Usage (MCP — Secondary)

Each agent can be served as an MCP stdio server for non-ADK clients:

# Start the Catalog Agent as an MCP server
sdc-agents serve --mcp catalog

# Start the Introspect Agent as an MCP server
sdc-agents serve --mcp introspect

# Any of the 8 MCP agents: assembly, catalog, distribution, generator, introspect, knowledge, mapping, validation
sdc-agents serve --mcp validation

CLI Commands

# Show configuration summary and agent inventory
sdc-agents info
sdc-agents info --config path/to/sdc-agents.yaml

# Validate a config file (useful in CI)
sdc-agents validate-config
sdc-agents validate-config --config path/to/sdc-agents.yaml

# Inspect the audit log
sdc-agents audit show                        # last 50 records
sdc-agents audit show --agent catalog        # filter by agent
sdc-agents audit show --last 24h --limit 20  # recent records
sdc-agents audit show --audit-path ./logs/audit.jsonl  # custom path

Docker

A single image serves all 8 MCP-servable agents. Select the agent at runtime with SDC_AGENT:

# Serve a single agent as an MCP server
docker run -v ./sdc-agents.yaml:/home/sdc/sdc-agents.yaml:ro \
  -e SDC_AGENT=catalog \
  ghcr.io/semanticdatacharter/sdc-agents

# Run any CLI command
docker run -v ./sdc-agents.yaml:/home/sdc/sdc-agents.yaml:ro \
  ghcr.io/semanticdatacharter/sdc-agents info

docker run -v ./sdc-agents.yaml:/home/sdc/sdc-agents.yaml:ro \
  ghcr.io/semanticdatacharter/sdc-agents validate-config

Build locally:

docker build -t sdc-agents .
docker run sdc-agents  # prints usage hint

CI/CD

  • CI (.github/workflows/ci.yml): Runs on push to dev and PRs to main. Lints with ruff, checks formatting with black, runs pytest with coverage across Python 3.11/3.12/3.13.
  • Docker (.github/workflows/docker.yml): Builds and pushes to GHCR on push to main and v* tags.
  • PyPI (.github/workflows/release.yml): Publishes to PyPI on v* tags via OIDC trusted publisher (no API tokens).

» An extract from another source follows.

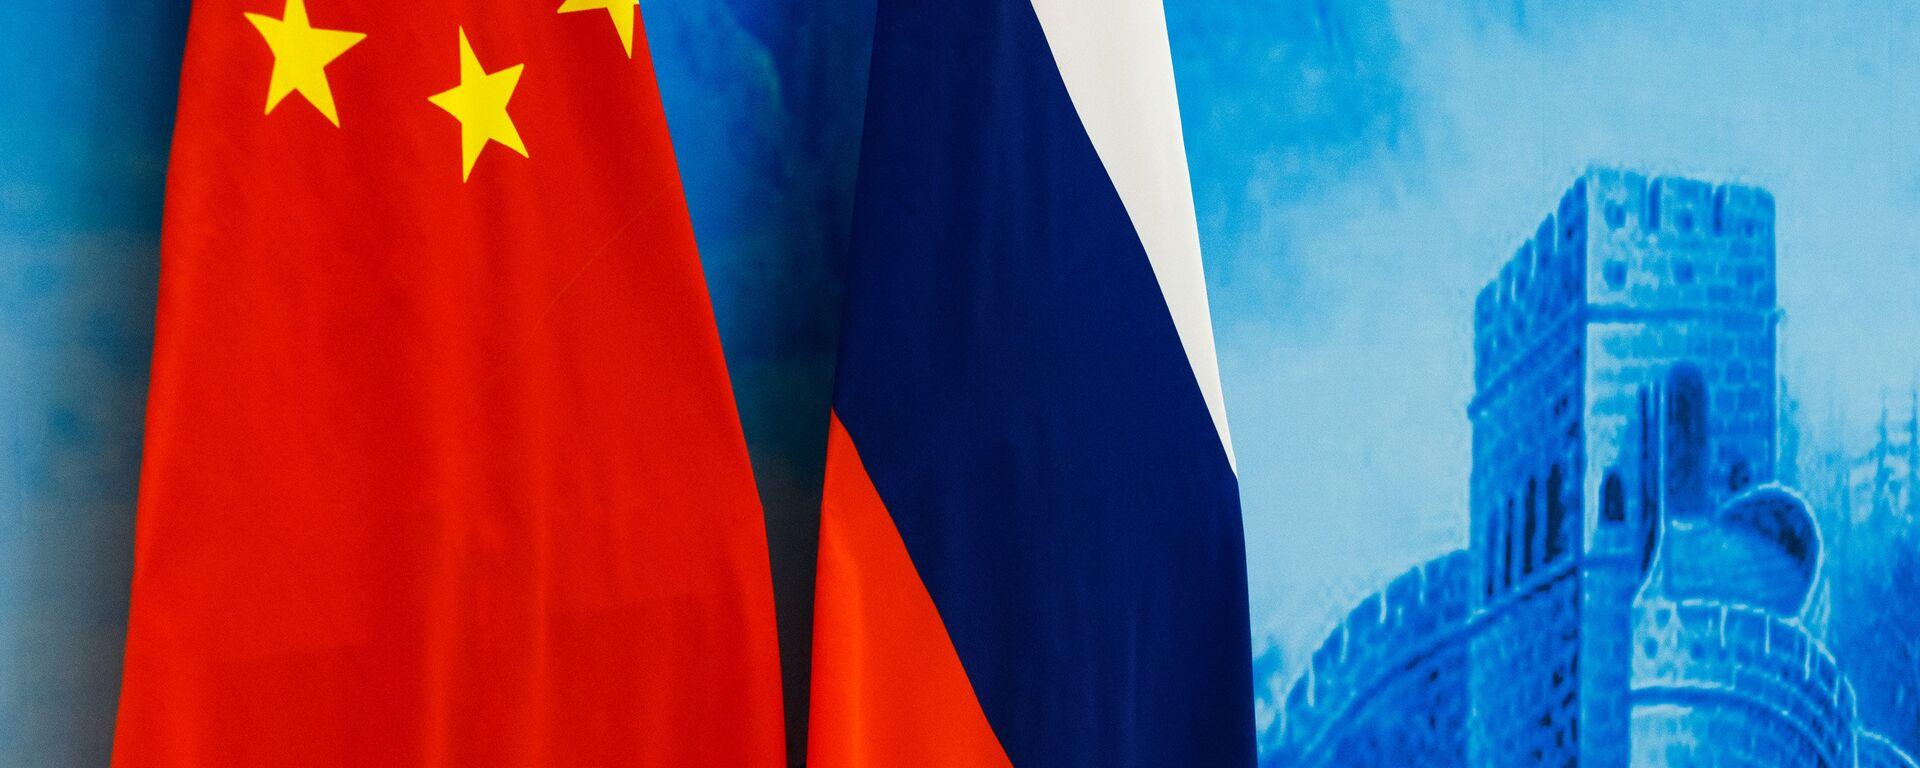 Las banderas de Rusia y China - Sputnik Mundo, 1920, 08.12.2019

One-time setup (maintainer):

  1. Configure PyPI trusted publisher — owner: SemanticDataCharter, repo: SDC_Agents, workflow: release.yml, environment: pypi
  2. Create a pypi environment in GitHub repo settings (Settings > Environments)

Testing

# Run all tests
pytest

# Run with coverage
pytest --cov=sdc_agents

# Run specific test modules
pytest tests/toolsets/test_catalog.py
pytest tests/security/

Documentation


Implementation Phases

Phase Goal Status
Phase 1 Catalog, Introspect, and Mapping agents with shared infra Complete
Phase 2 Generator and Validation agents, Introspect extensions Complete
Phase 3 Distribution Agent with multi-destination delivery Complete
Phase 4 Production hardening: CLI, Docker, CI/CD, MCP export, documentation Complete
Phase 5 Knowledge Agent + Component Assembly Agent Complete
Phase 5.5 PDF/DOCX Knowledge Sources + Semantic Discovery Agent Complete
Phase 6 ADK ecosystem contributions (adk-sparql-tools, Integration Page) Complete

What's Implemented (Phases 1–3)

Common infrastructure:

  • Pydantic config with ${VAR} substitution (fail closed), append-only JSONL audit logger with credential redaction, cache manager with path helpers

CatalogToolset (5 tools): catalog_list_schemas, catalog_get_schema, catalog_download_schema_rdf, catalog_download_skeleton, catalog_download_ontologies — httpx async, cache-first for immutable schemas, optional token auth for Modeler-scoped results

IntrospectToolset (5 tools): introspect_sql (SELECT-only enforcement), introspect_csv (type inference for 10 types), introspect_json (JSONPath extraction), introspect_mongodb (BSON-to-SDC4 type mapping), introspect_bigquery (BigQuery schema extraction via asyncio.to_thread)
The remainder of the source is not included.